On Monday, the Central Department of Investigation and Criminal Action (DCIAP) accused two Iraqis who allegedly belonged to the jihadist movement Daesh of participating in a terrorist organization and of war crimes against people.
In a note published on the DCIAP website, the Public Prosecutor’s Office (MP) states that for the first time in Portugal, charges have been filed for war crimes against people.
“The Public Prosecutor’s Office of the Central Investigation and Criminal Affairs Department has charged two accused of Iraqi nationality with committing crimes for membership of a terrorist organization, war crimes against people and, as for one accused, also of a crime of resistance and coercion. on an employee,” the DCIAP states.
According to the DCIAP, the investigation examined the activities of the accused as members of the self-declared Islamic State, in the Al Hisbah (Religious Police) and Al Amniyah (Intelligence Services) divisions during the occupation of Iraq by that terrorist organization, between 2014 and 2016. .
The two Iraqis, who had been in Portugal since March 2017, have been in protective custody since September last year, when they were detained by the judicial police.
Assisted by the National Counterterrorism Unit of the Judicial Police, the MP points out that the investigation was also conducted for the first time in close collaboration with UNITAD (UN Investigative Team to Promote Accountability for Crimes Committed by Da’esh/ISIL).
UNITAD is an independent and impartial United Nations investigative team mandated by the Security Council to advance accountability for crimes committed by the Islamic State, the MP said.
The DCIAP also indicates that the cooperation of the Iraqi authorities has also been obtained.
According to the MP, the investigation was also conducted in collaboration with the Department of Justice and the Federal Bureau of Investigation (FBI) of the United States of America, with EUROPOL and with the military operation Operation Gallant Phoenix – The Global Coalition Against Da’esh.
At the time of the arrest in the Greater Lisbon area, a PJ source told Lusa that the two men, aged 32 and 34, had been under surveillance by judicial police since 2017.
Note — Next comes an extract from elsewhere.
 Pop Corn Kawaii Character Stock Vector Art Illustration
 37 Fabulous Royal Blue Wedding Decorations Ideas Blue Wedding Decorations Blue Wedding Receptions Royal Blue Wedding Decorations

The two Iraqi brothers had been in Portugal since 2017 under the European Union’s Refugee Relocation Program and one of them worked at the Mezze restaurant in Arroios, Lisbon, and was one of the staff members who attended the visit that the Prime Minister, António Costa , and the former president of the republic, Jorge Sampaio, held the restaurant recognized for the integration of refugees in January 2018.
The restaurant was also visited in June of the same year by the President of the Republic, Marcelo Rebelo de Sousa.